Before: BROWNING, FARRIS and KELLY,* Circuit Judges.
FARRIS, Circuit Judge:
Deno Price filed suit to recover damages against Provident Life and Accident Insurance Company for its failure to pay medical expenses incurred by his decedent son under an insurance contract issued through his employer. The district court granted summary judgment in favor of Provident, holding that the statute of limitations had run on Price's claim.
Deno Price was provided medical benefits by Provident through his employer, Florsheim Shoes, from April 26, 1982 through May 18, 1984. The policy provided coverage to Price's offspring from birth. Price's son, Andre, was born September 9, 1982. Andre was born with biliary atresia, a serious medical condition, for which he received extensive treatment between January 1983 and his death on April 20, 1984. The hospital submitted his bills directly to Provident. Price filed a claim with Medi-Cal, the state of California's version of Medicaid, to cover any costs that exceeded Provident's policy limit of $100,000.

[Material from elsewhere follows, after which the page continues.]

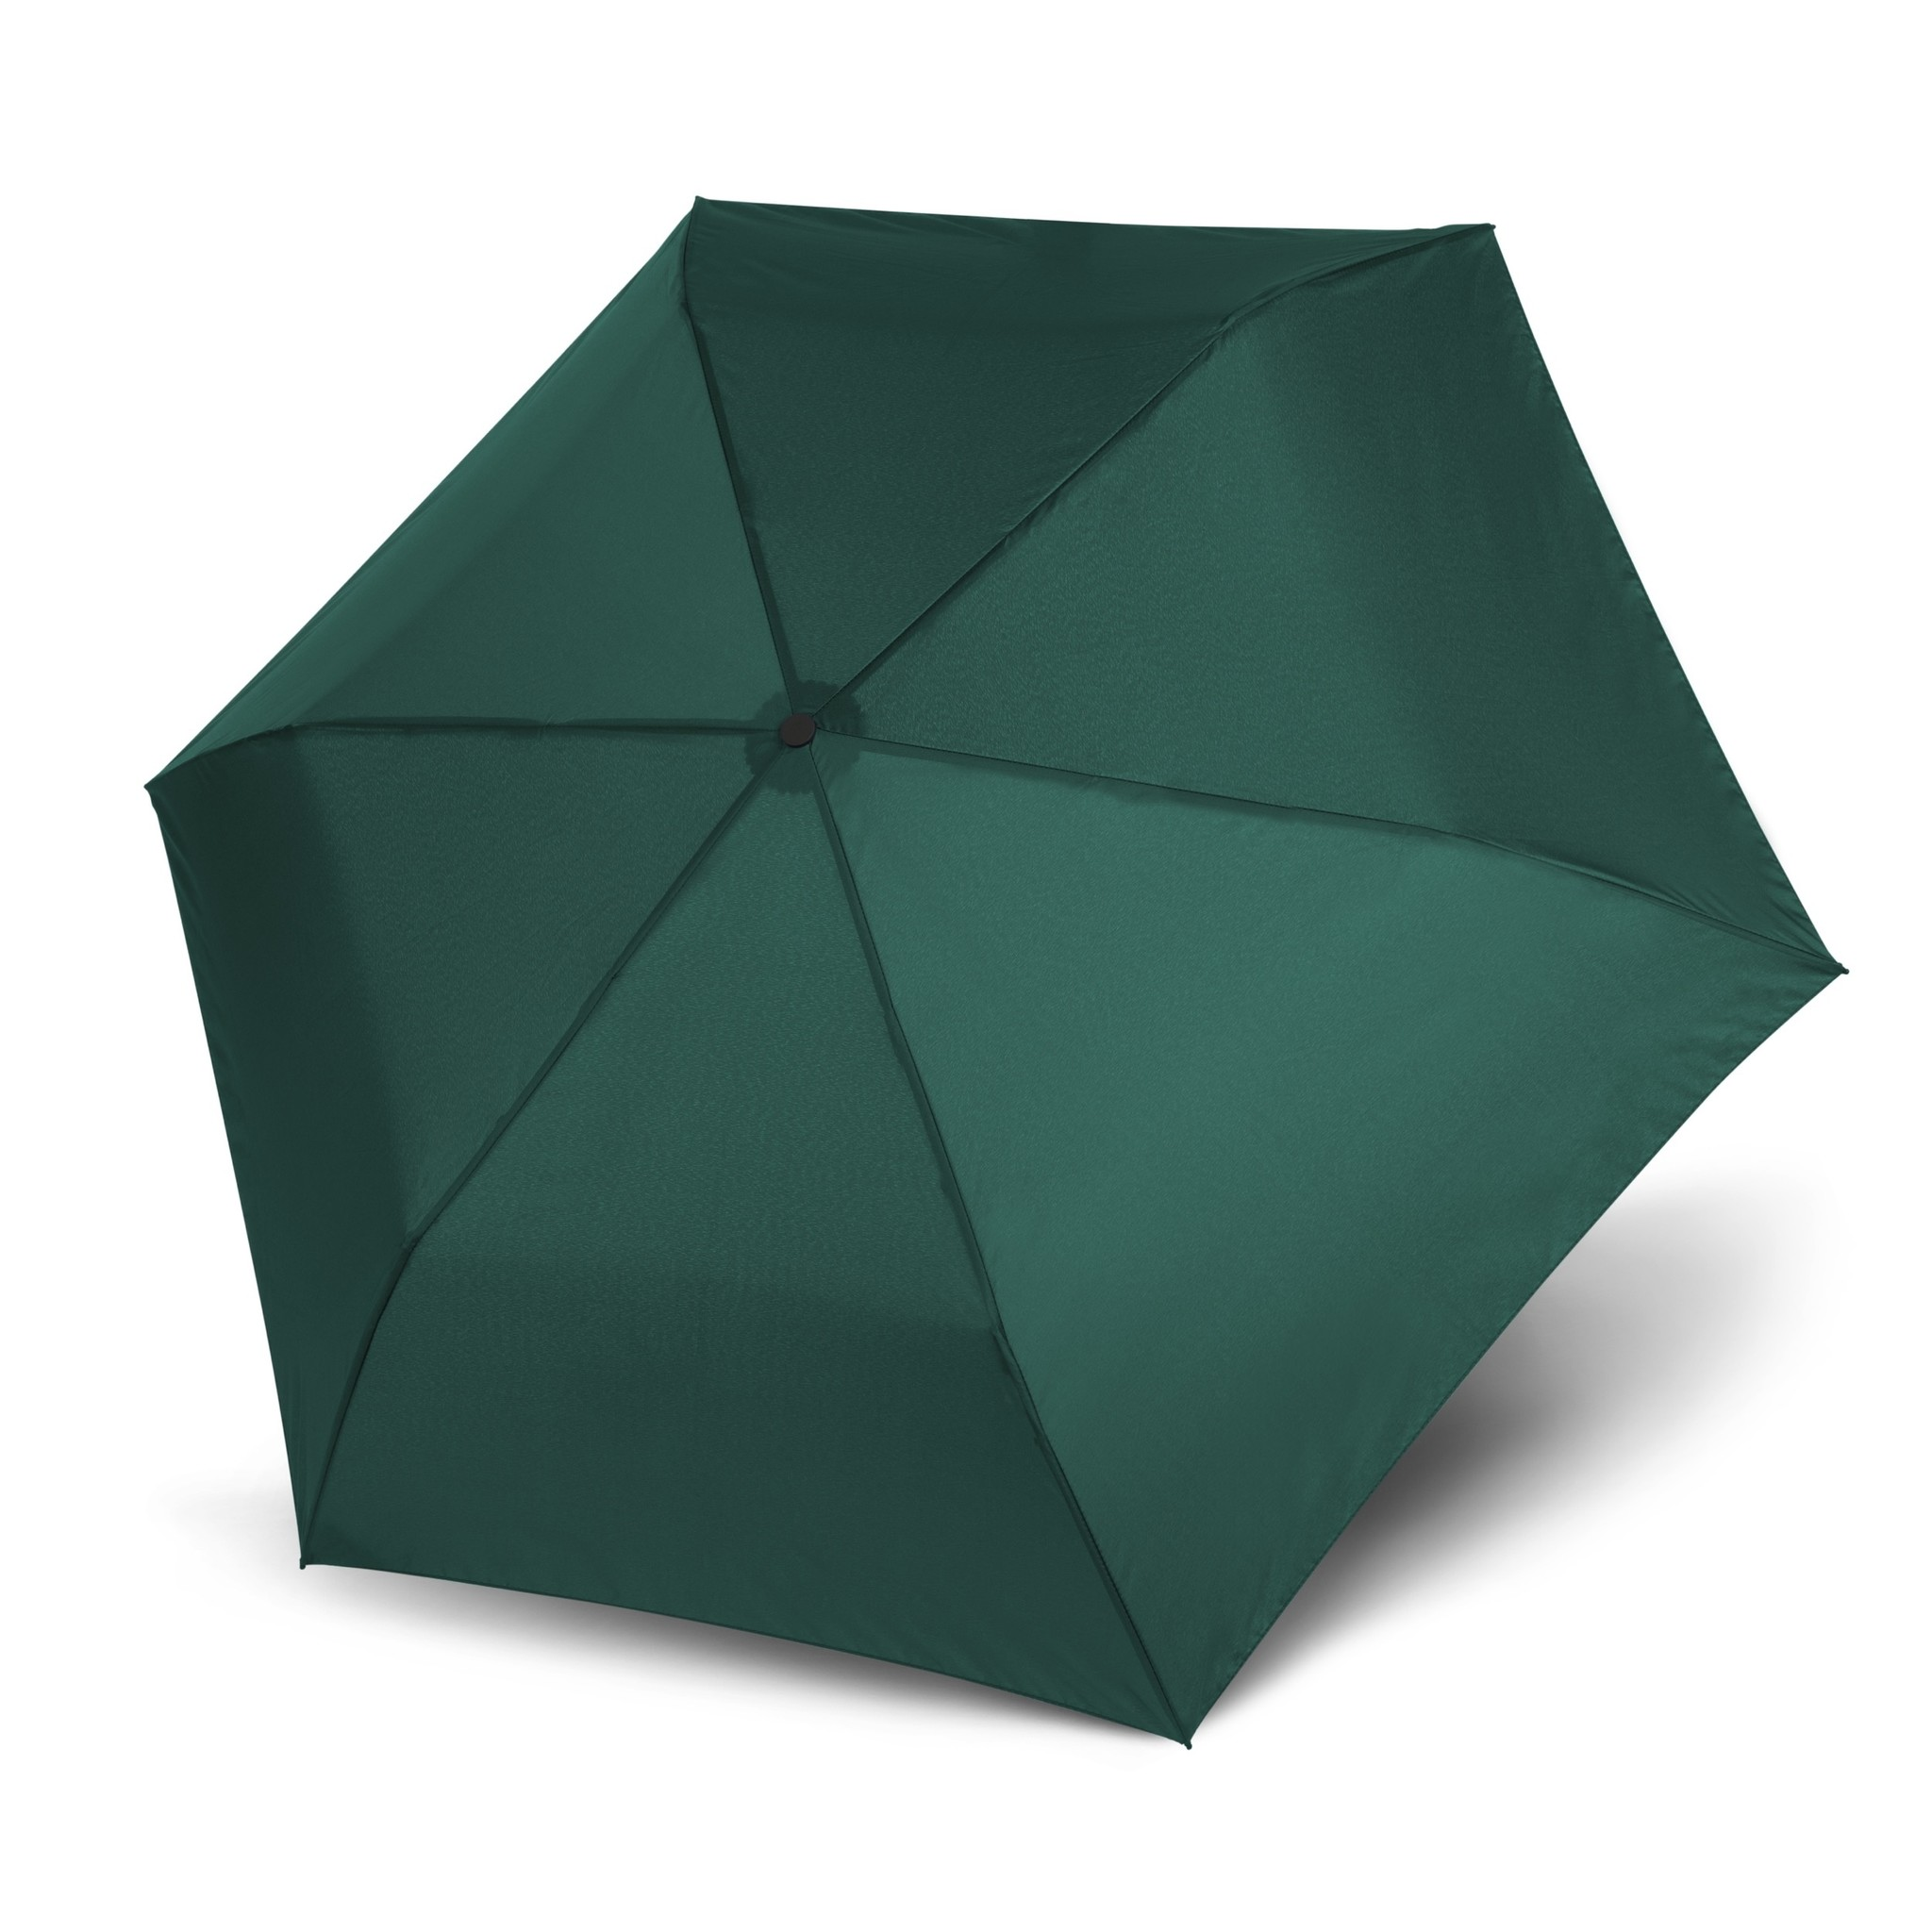 Doppler Doppler Zero 99 zeer lichte compacte Stormparaplu - Evergreen
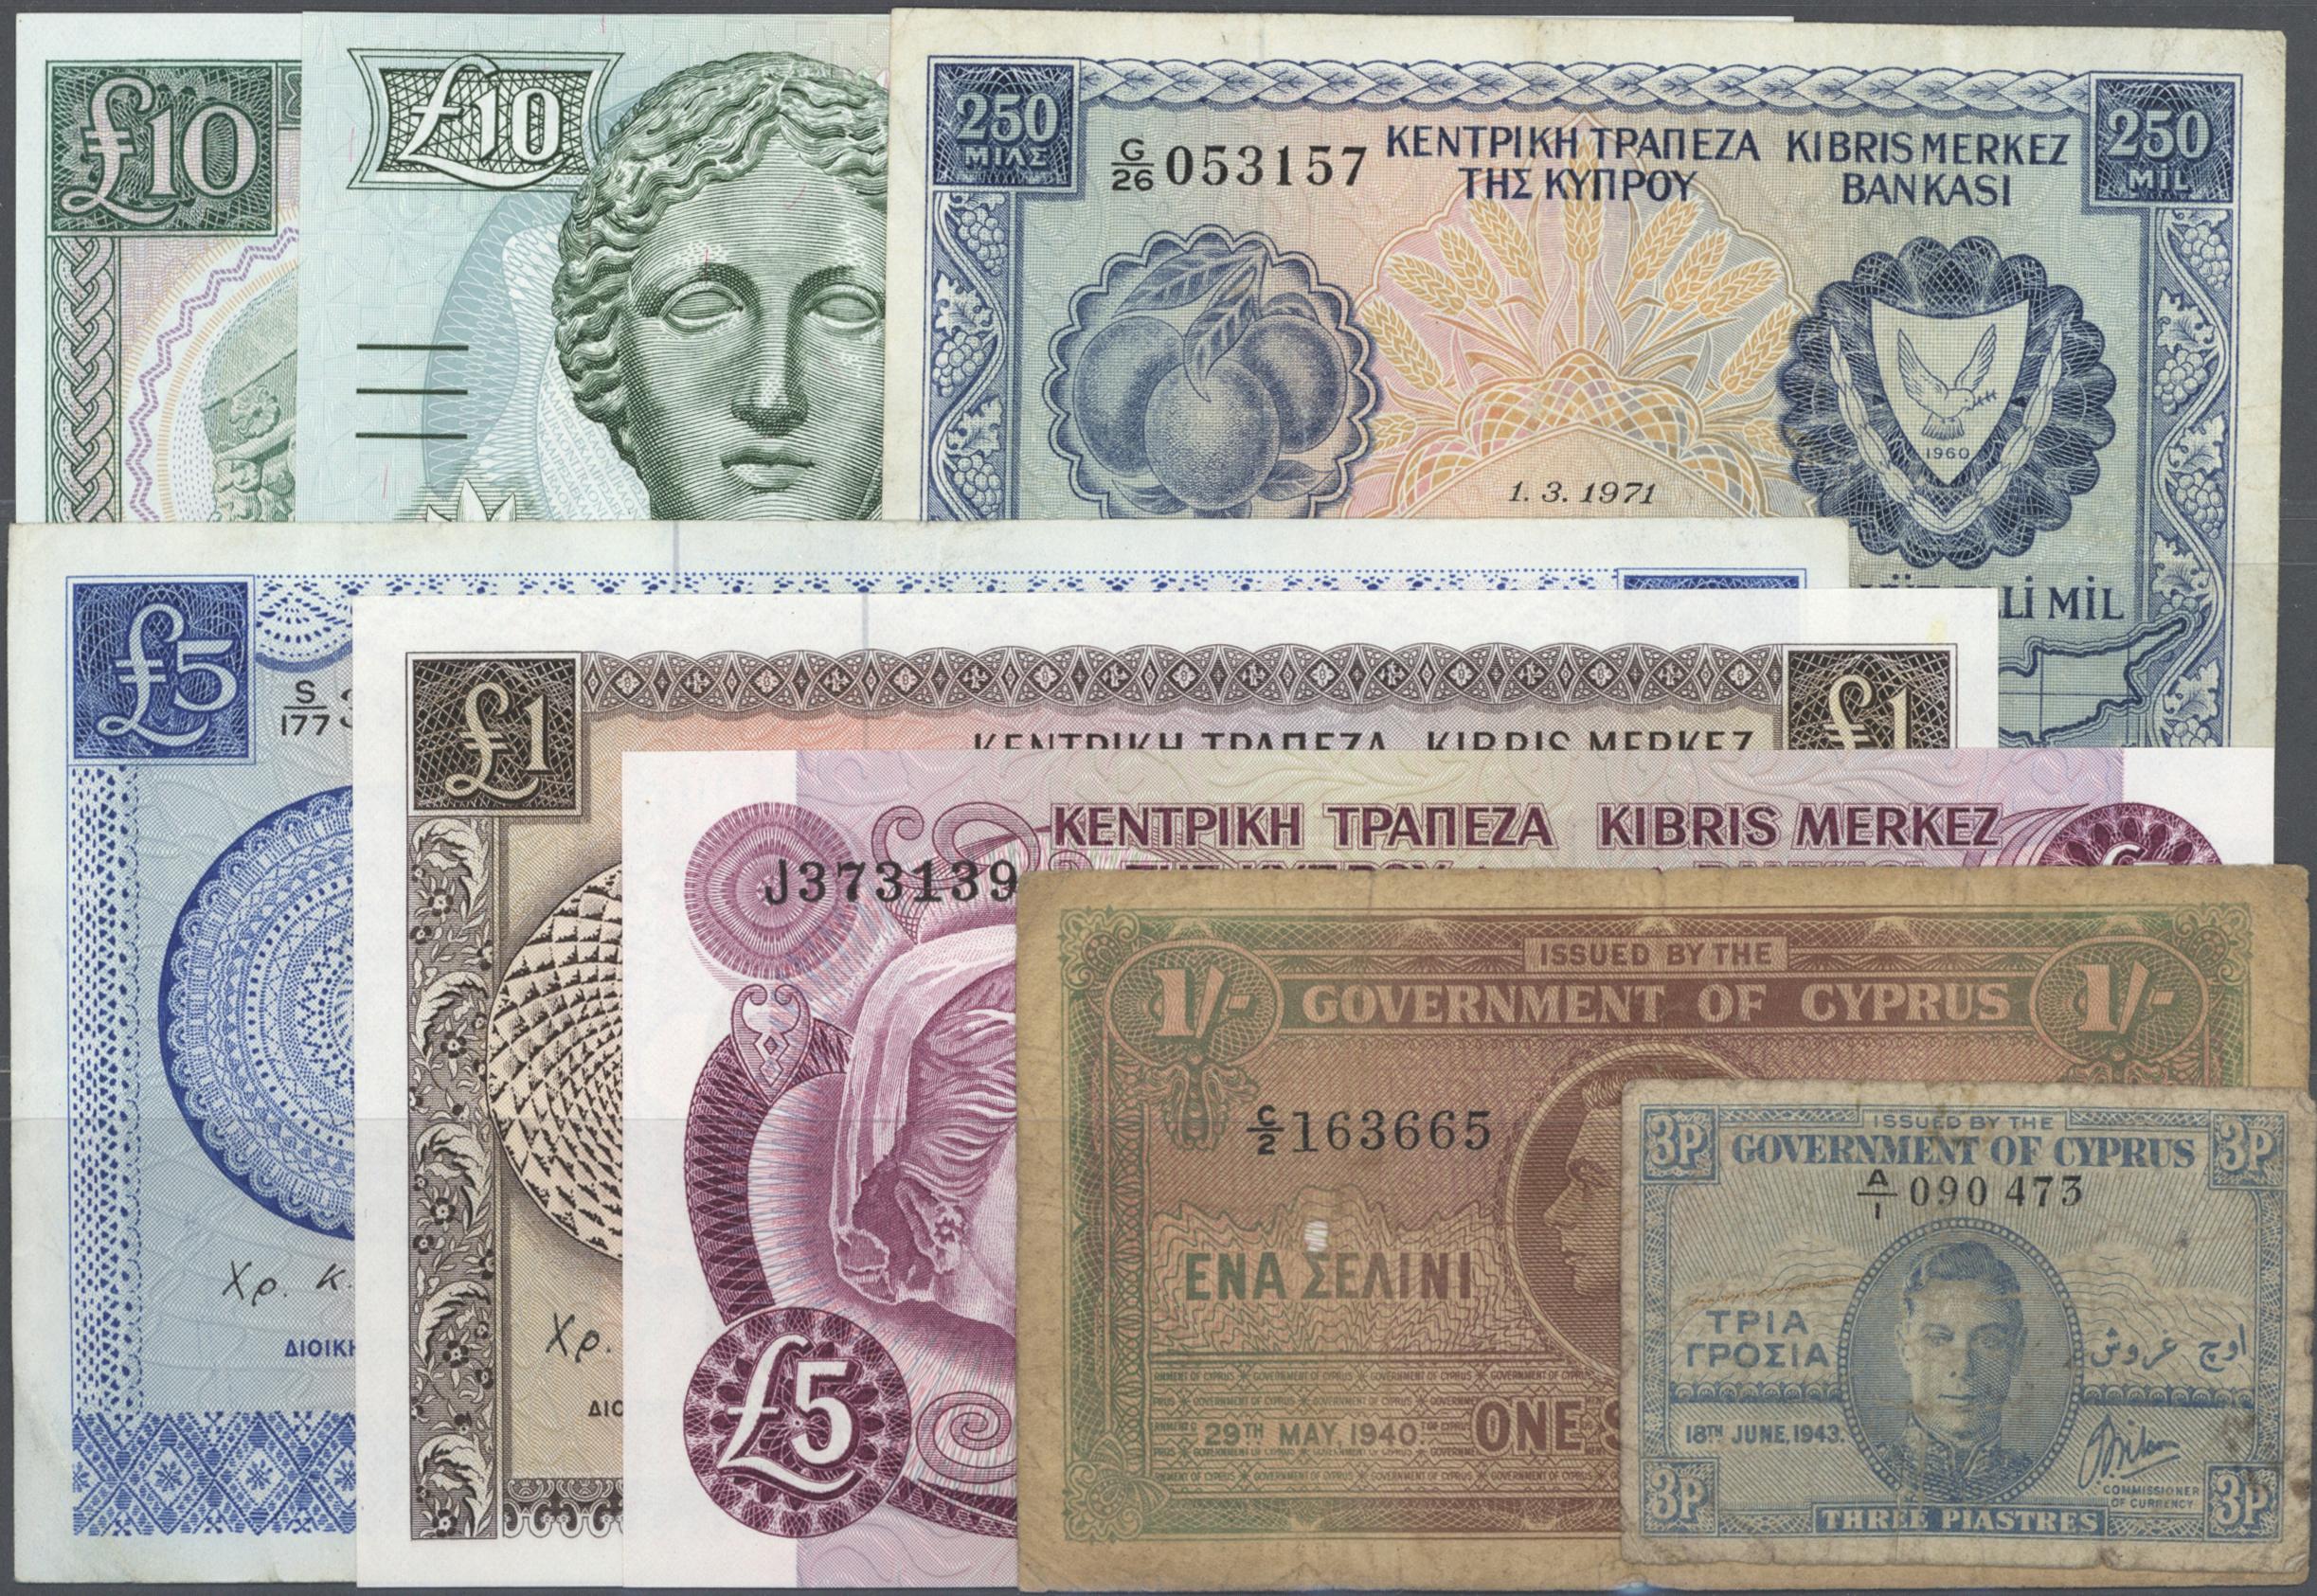 Lot 00370 - Cyprus / Zypern   Banknoten  -  Auktionshaus Christoph Gärtner GmbH & Co. KG 51th Auction - Day 1

Provident sent Price thirty-three notices, thirty of which indicated payment of various medical bills and three of which indicated nonpayment of bills due to a "preexisting condition". In January and March 1983, Andre incurred medical bills totalling $93,000. Provident never notified him that they were denying coverage for those bills. Medi-Cal apparently paid those bills, but Price alleges that he did not know it until 1989 when Medi-Cal sought to attach funds that Price obtained in a medical malpractice action on behalf of Andre. Price reimbursed Medi-Cal for a portion of the benefits. His attorney subpoenaed records from Provident which showed that the claims had been denied.
Price filed suit against Provident in 1991, alleging breach of contract, bad faith and fraud. Provident removed the action to federal court, asserting diversity and federal question jurisdiction. The benefits plan was an ERISA plan, and therefore, controlled by federal law.
Provident asserted that Price's action was barred by both the statute of limitations under the California Code of Civil Procedure, sections 337, 338, and 339 and the contractual limitations period. The insurance contract provided that claims must be filed within three years of the date on which the proof of loss was required to be furnished. The contract required proof of loss within ninety days of the loss or as soon as reasonably possible.
The district court held that the contractual statute of limitations ran from the time that proof of loss was required, which it found was ninety days after Andre's death in 1984. Thus the court found that the limitation period had expired in 1987, four years before Price filed his claim.
Price argues that under the contract, which is governed by the Employee Retirement Income Security Act, 29 U.S.C. §§ 1001-1461 (1988), the period for bringing a claim did not begin to run until he received notice that Provident denied his claims. Provident argues that it is irrelevant whether it gave Price notice that it had denied him $93,000 in benefits, because the limitations period under the contract runs from the date that proof of loss is required to be submitted to Provident, not from the date that Price knew he had a claim. Provident argues that because the contract required proof of loss within ninety days of the loss, the statute of limitations period expired at the latest three years and ninety days after the death of Price's son. We reject the argument.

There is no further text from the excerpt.